*YOUR ASSIGNMENT:* Please output every line of the material as it stands, without the pictures.

*DATA SEGMENT:*

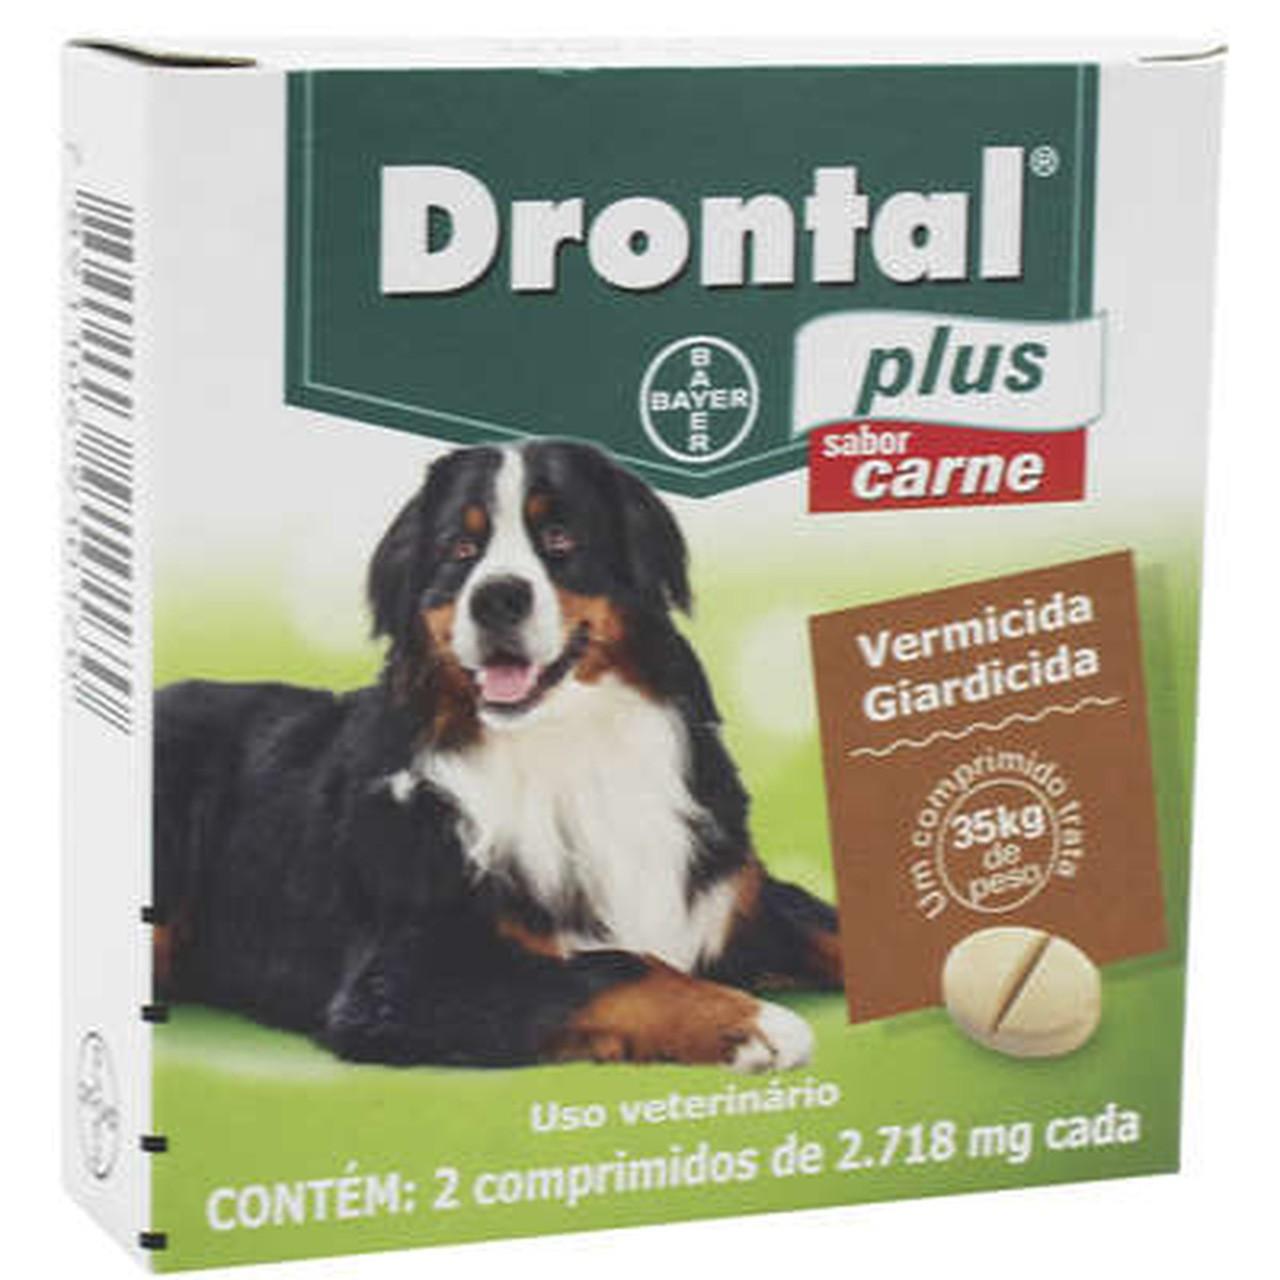 Vermífugo Drontal Plus Sabor Carne Cães 35 Kg  Bayer
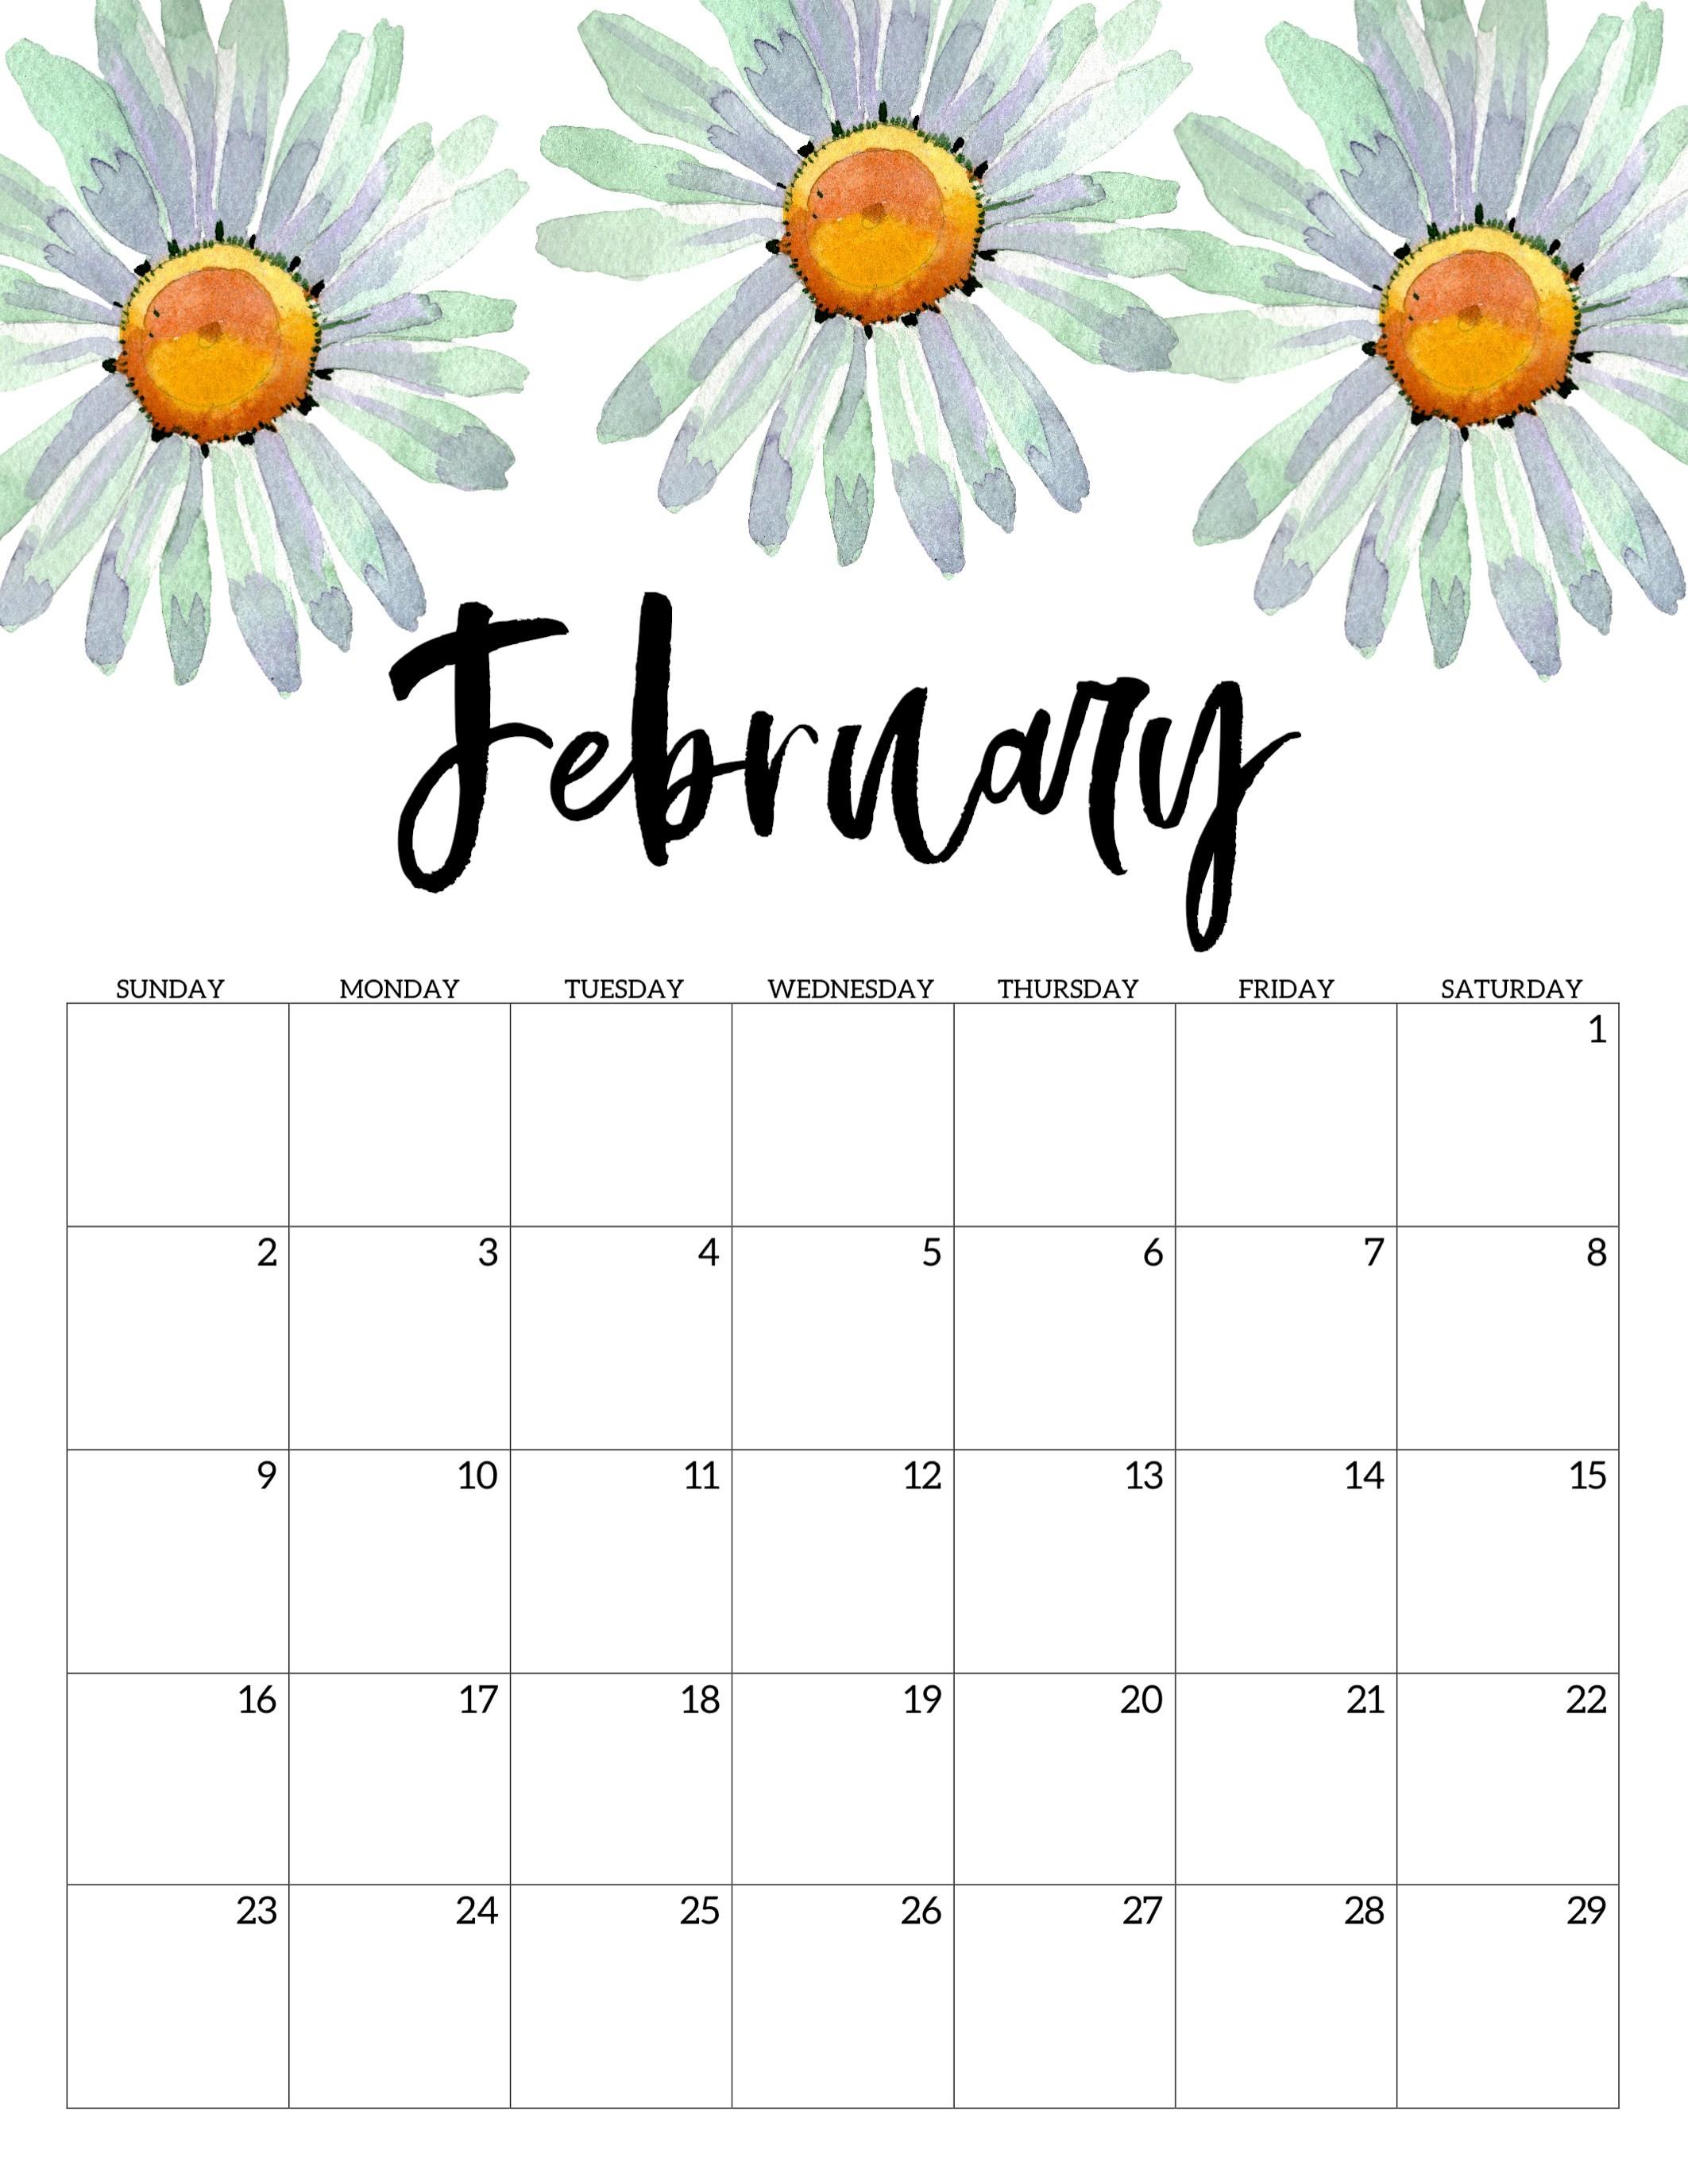 February 2020 Calendar Printable 2020 Free Printable Calendar Floral Paper Trail Design
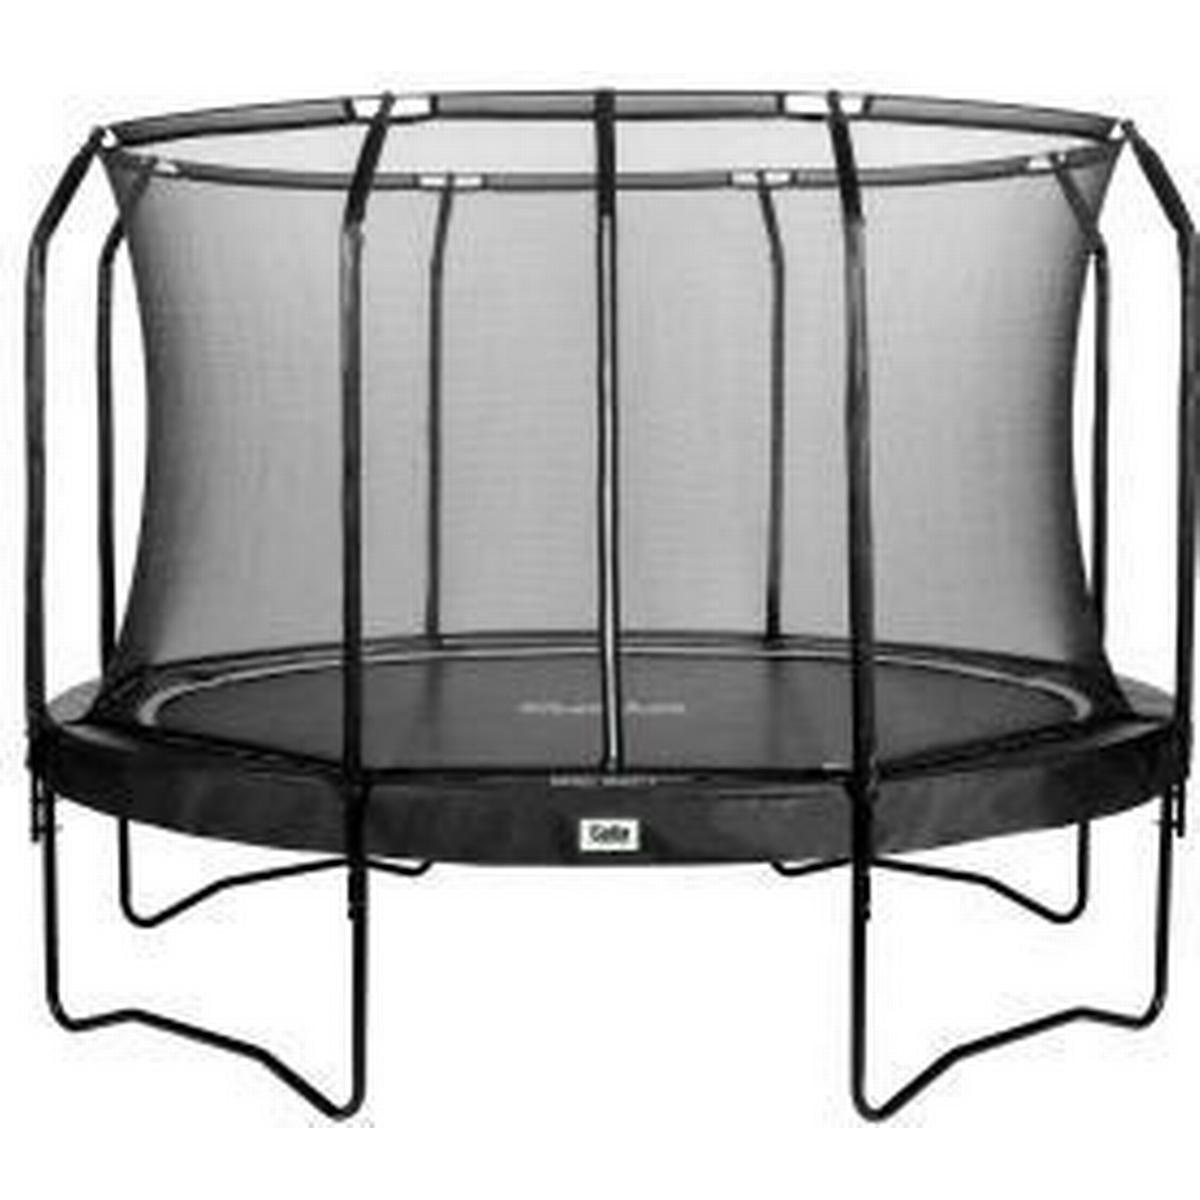 Smart Trampolin - Sammenlign priser på trampoliner hos PriceRunner TI28

*OUTPUT OF THE TASK:*
 Vermífugo Drontal Plus Sabor Carne Cães 35 Kg  Bayer
 February 2020 Calendar Printable 2020 Free Printable Calendar Floral Paper Trail Design
 Smart Trampolin - Sammenlign priser på trampoliner hos PriceRunner TI28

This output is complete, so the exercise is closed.